Tuesday and the Delicate Balance

Tuesday started off with a lot of sad energy. One child missed mom and the friends who were absent this week. Another wanted to be home playing a video game. Another child silently wandered over to sit beneath a nearby tree. A couple of the children accompanied Erin to check in and they soon discovered he wasn’t really wanting space, he just didn’t think the other children wanted to play with him. It looked like it was just going to be one of those days!

We make space for the kids to move through their emotions instead of trying to “fix” their feelings for them. That is often accomplished through child-led play. One of our roles as facilitators is to let the children guide the play and also to offer ideas when it might promote various aspects of their holistic development. A significant amount of our time is dedicated to tuning in to each child’s individual needs (Is that child, who struggles to speak up and set boundaries, playing in a way that respects their own autonomy? Is that child, who is a people pleaser, taking care of his own needs?
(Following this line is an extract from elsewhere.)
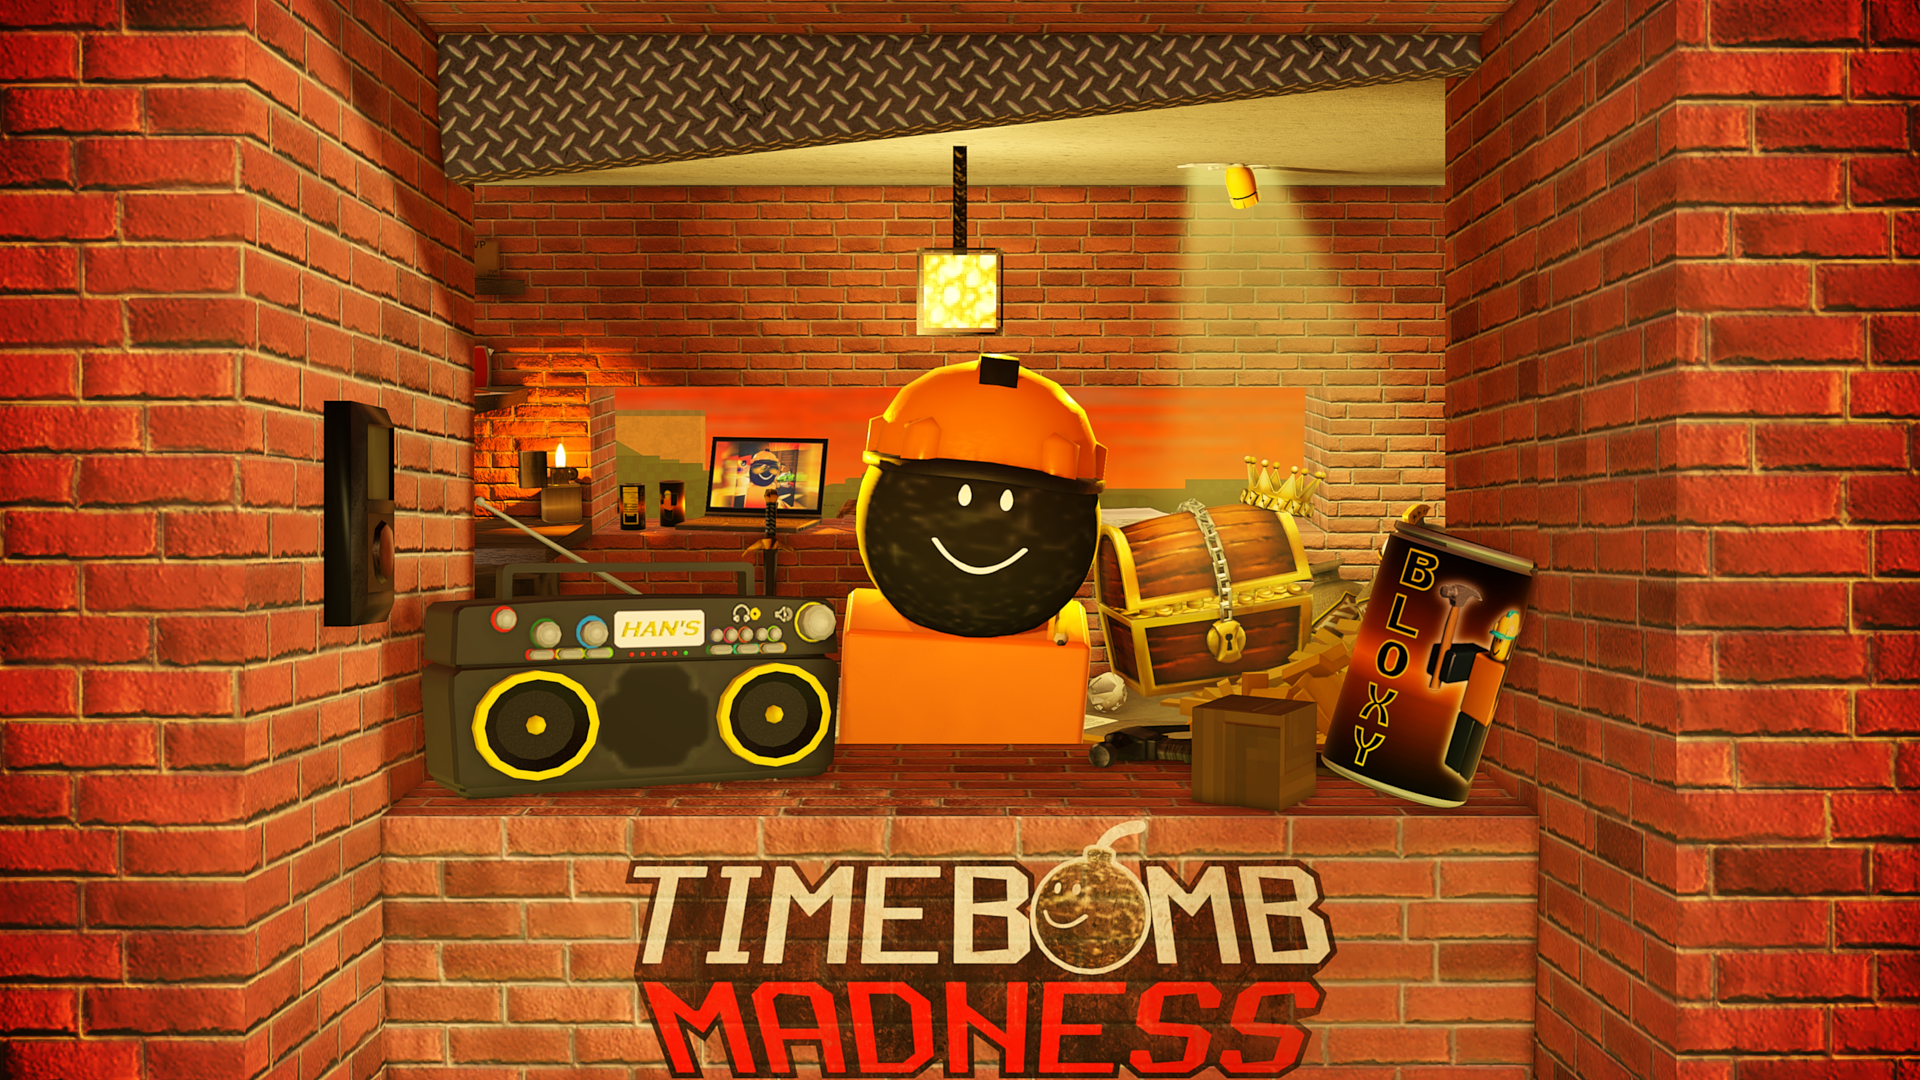 General 1920x1080 timebomb madness warm colors Roblox spray wall bricks video game art smiley video games treasure chest boombox bombs CGI

Is that child with impulse control challenges in a space where we might offer experiences that develop that skill today? PHEW- it’s a lot!). Erin and I both prioritize touching base with the parents at drop-off to find out if there’s anything significant going on in each child’s life. It might be an illness or a death in the family or a significant change to their routine! But that information greatly helps us tune in to the individual as well as the group.
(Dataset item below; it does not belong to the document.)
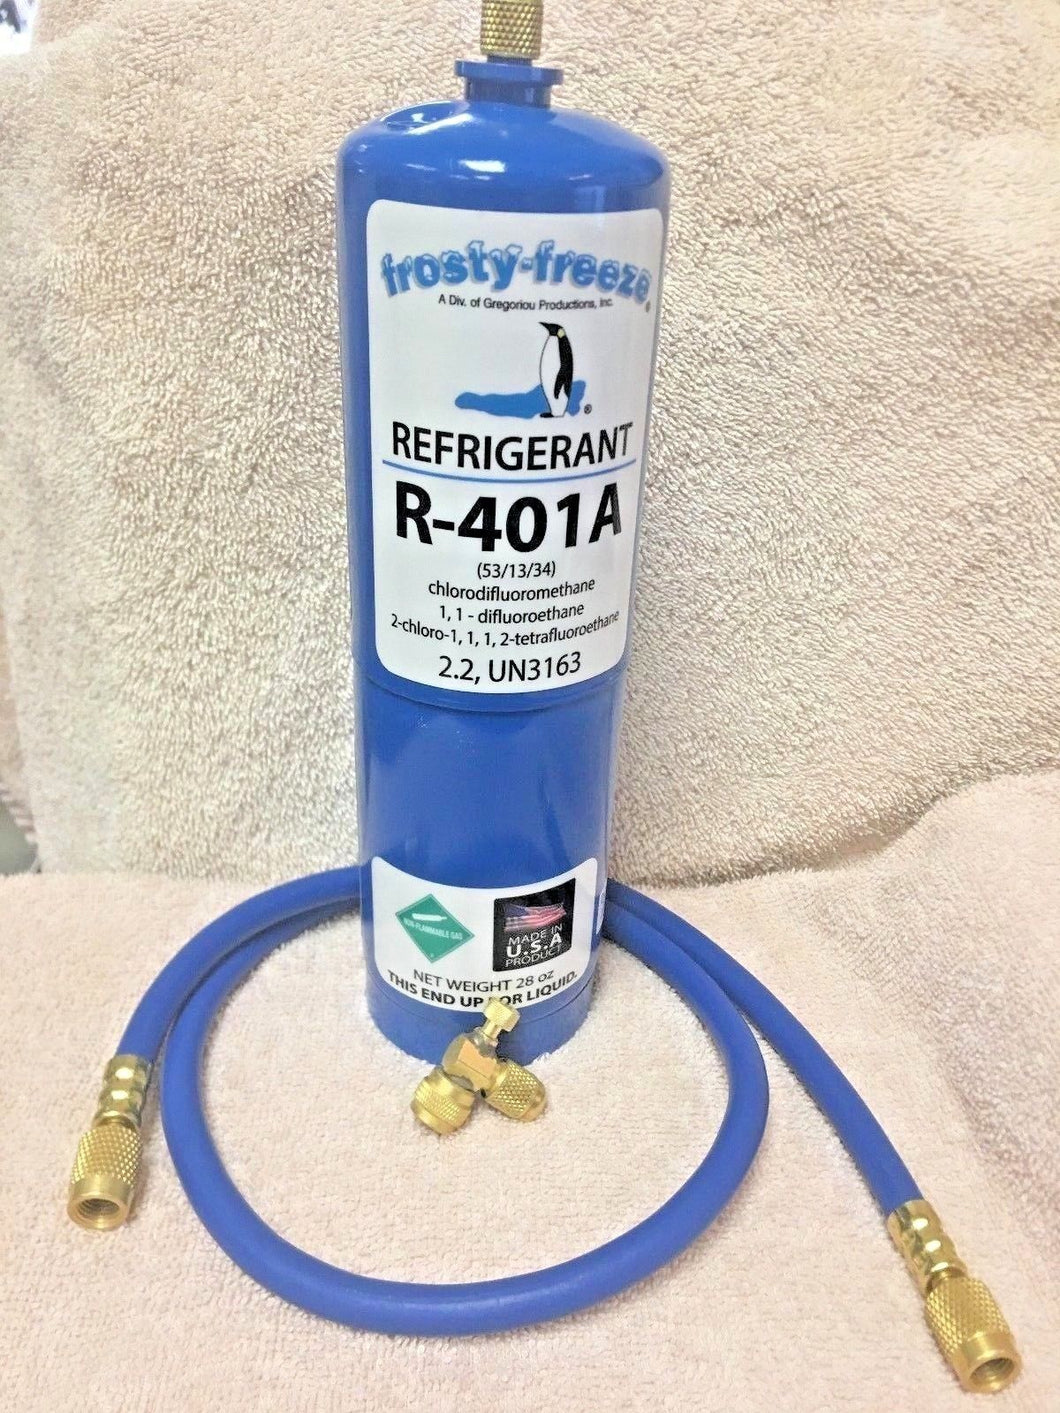 MP39, R401a, Refrigerant Coolers, Freezers, 28 oz Disposable, On/Off Valve, Hose

So on this particular day, when feelings seemed to be a little more delicate than other days, we were on high alert and knew our support would probably be needed with more frequency. A couple of participants were absent, which significantly shifted the group dynamic. It provided a unique opportunity for children to spend time together who are not typically drawn to one another. This was highlighted when one child who was interested in Super Villain play was able to get a couple other people to play along. I was deemed the Bad Guy Horse. With no eyeballs. Obviously. And yes, I walked into a LOT of trees to uphold my role. A participant wanted to play that we were Bad Guys against Good Guys and fight each other this week. My suggestion was that we were on the same Bad Guys Team against some nasty Good Guys! Sometimes Bad Guys against Good Guys within the group can be super awesome, but one of the kids has floated in and out of the group, not integrating as consistently as some of the others. During the game, my time was largely spent looking for moments where this kid could be a group hero for us (I asked for his help when I cut my finger and he bandaged it so carefully for me. We called for him to rescue one of the other Super Villains when they “died.”). It was really special to watch this child celebrated as the best Bad Guy. This was one of the first prolonged positive play among these three participants. Unfortunately, the day ended on a hard note when one child unexpectedly pushed and shouted at another, which led to some tears and more sad feelings for us to help work through.
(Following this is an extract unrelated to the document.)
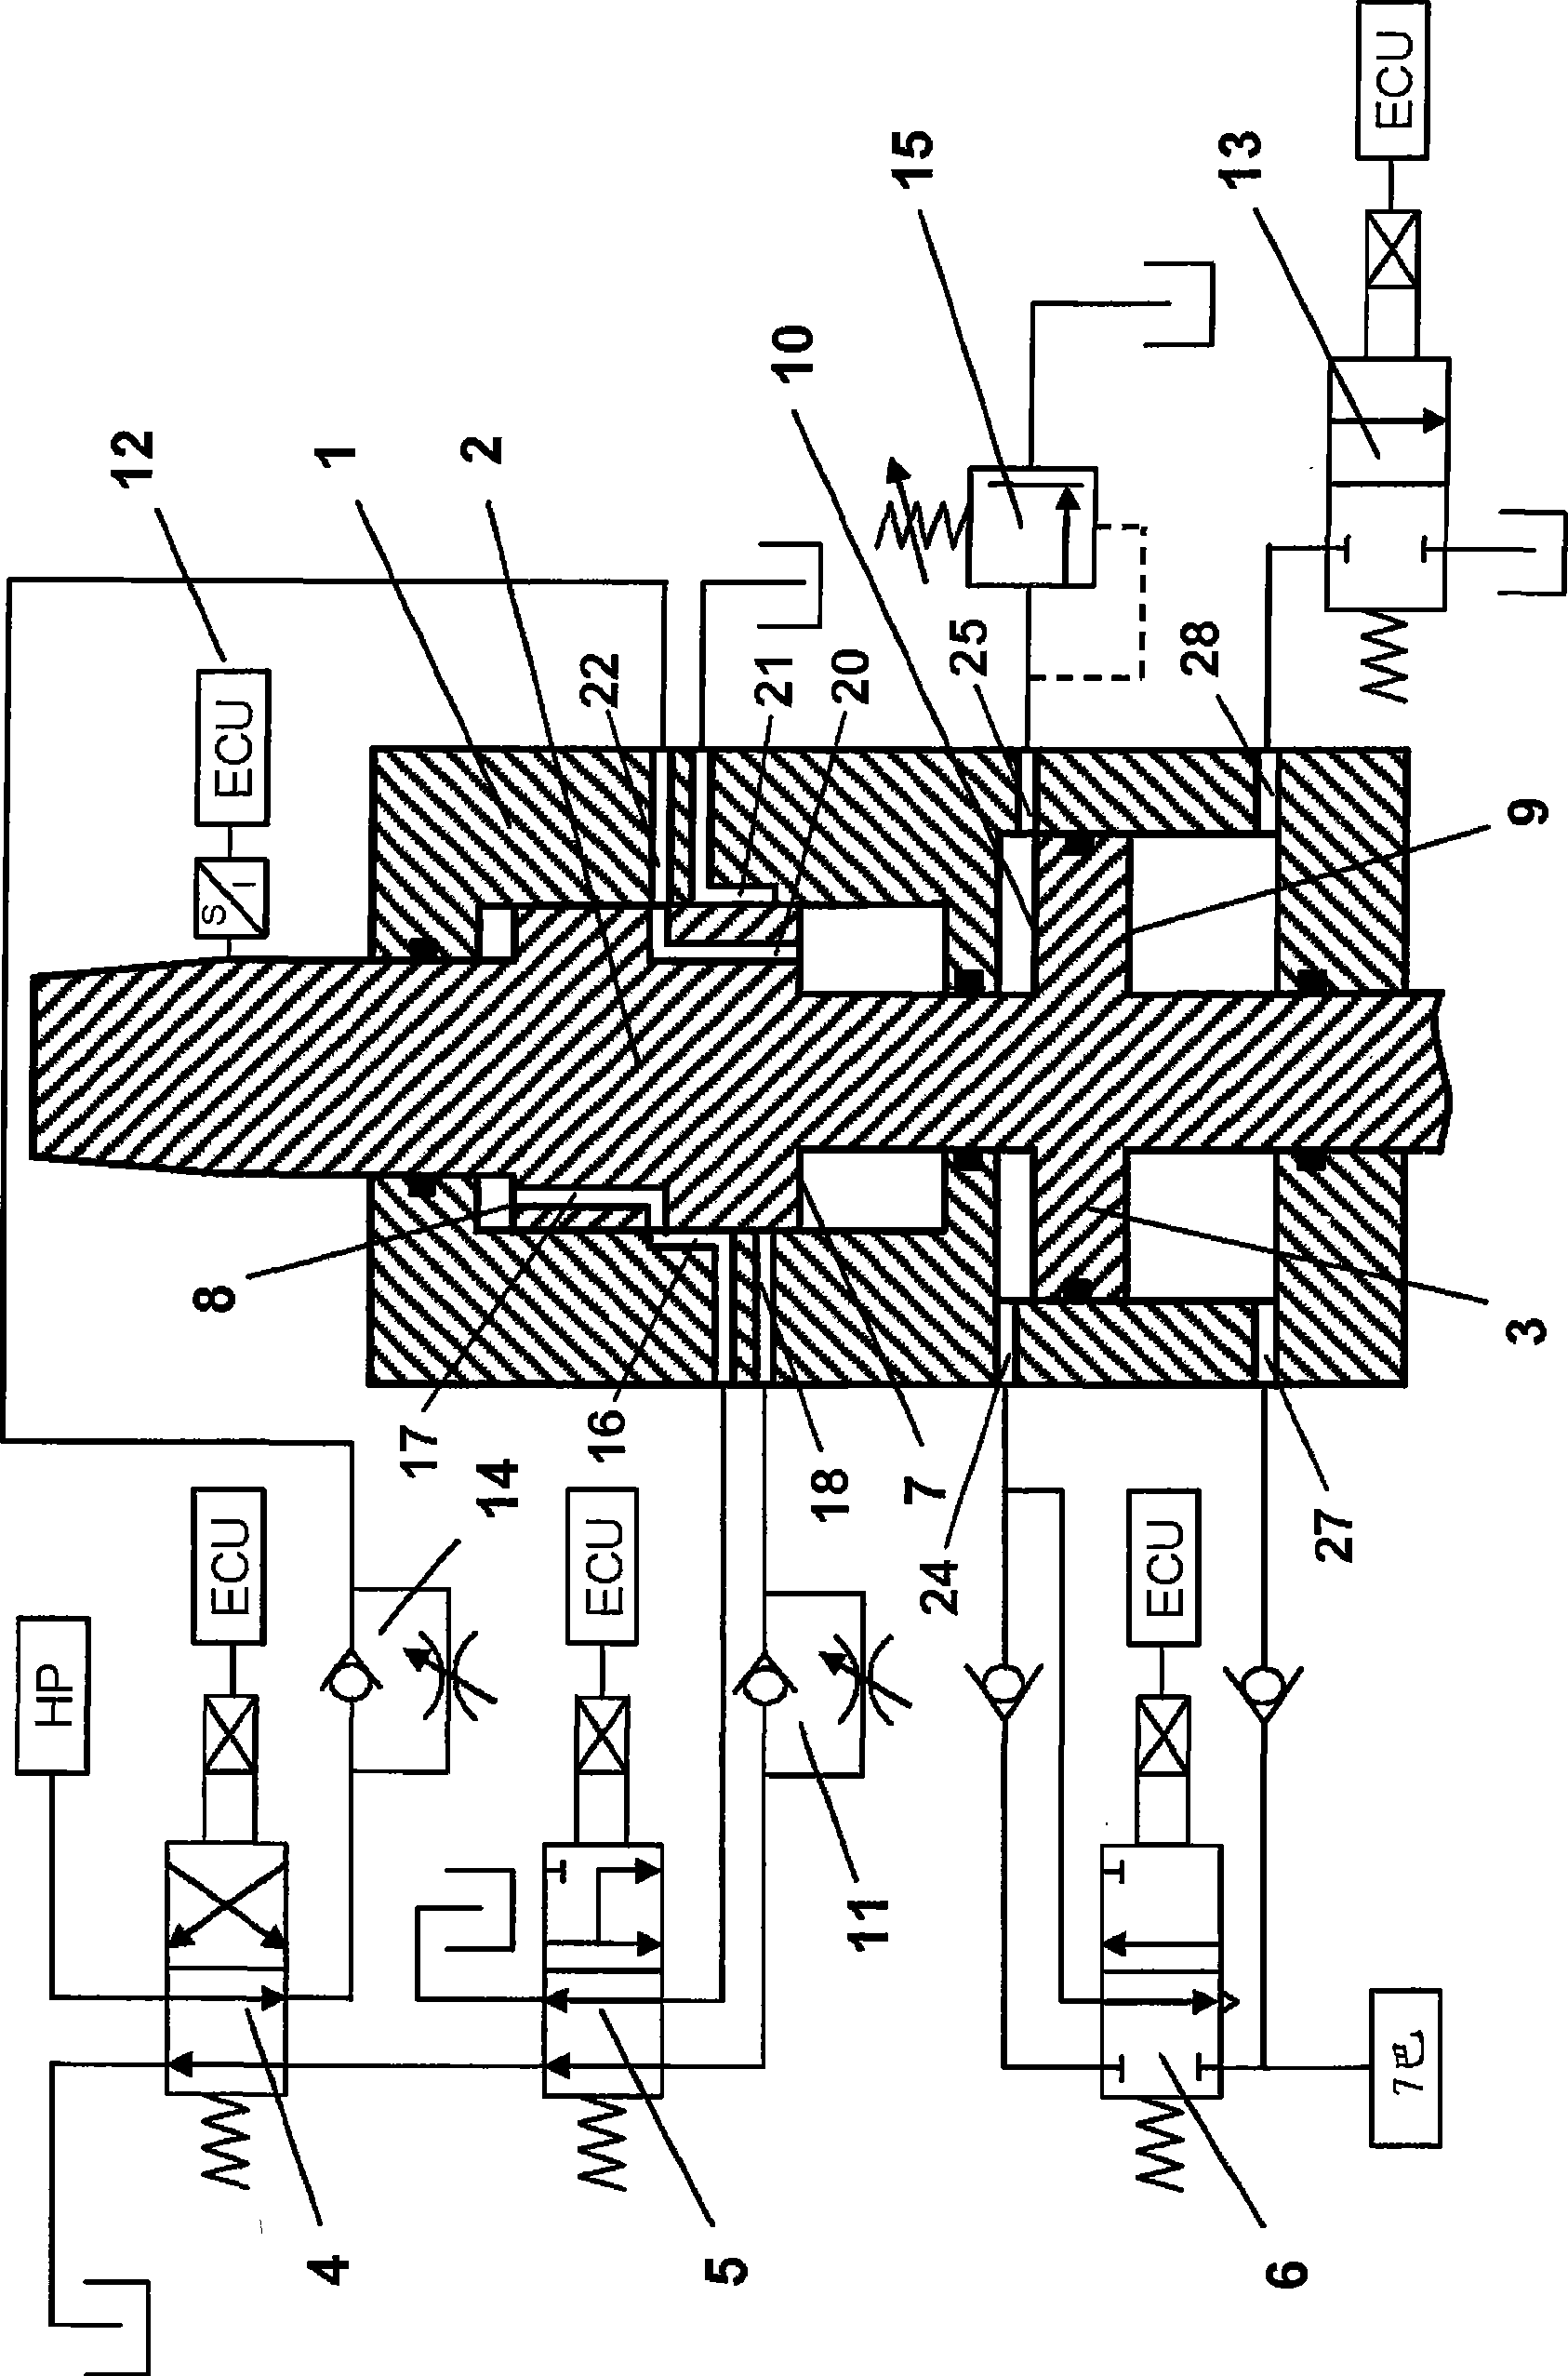 Exhaust valve actuator for large-scale two-stroke diesel engine

It’s an interesting thing… when you leave judgment out of it you are left with people, actions, and purpose. We get a lot farther when we ask what the actions are ultimately fulfilling for a person. We have participants with low impulse control and high thresholds for sensory input. We also have participants with high impulse control and low thresholds for sensory input. We have participants that are able to go with the flow and others who are rigidly inflexible. It isn’t a surprise that conflicts will arise. And that’s ok. Just like in the adult world, it isn’t always easy to understand or even always like another person. We want each child to feel loved and respected for who they are while also co-creating experiences that help them navigate these tricky social waters more successfully. This is a space for difficult feelings and easy ones. This is a space for mistakes. This is a space for repairs. This is a space to grow. This is a space to rest. This is a space to create boundaries and to push them.

When Erin and I founded this school, our motto became, “Time to Play. Time to Connect. Time to Be.” This day, more than many, reminded me of exactly that.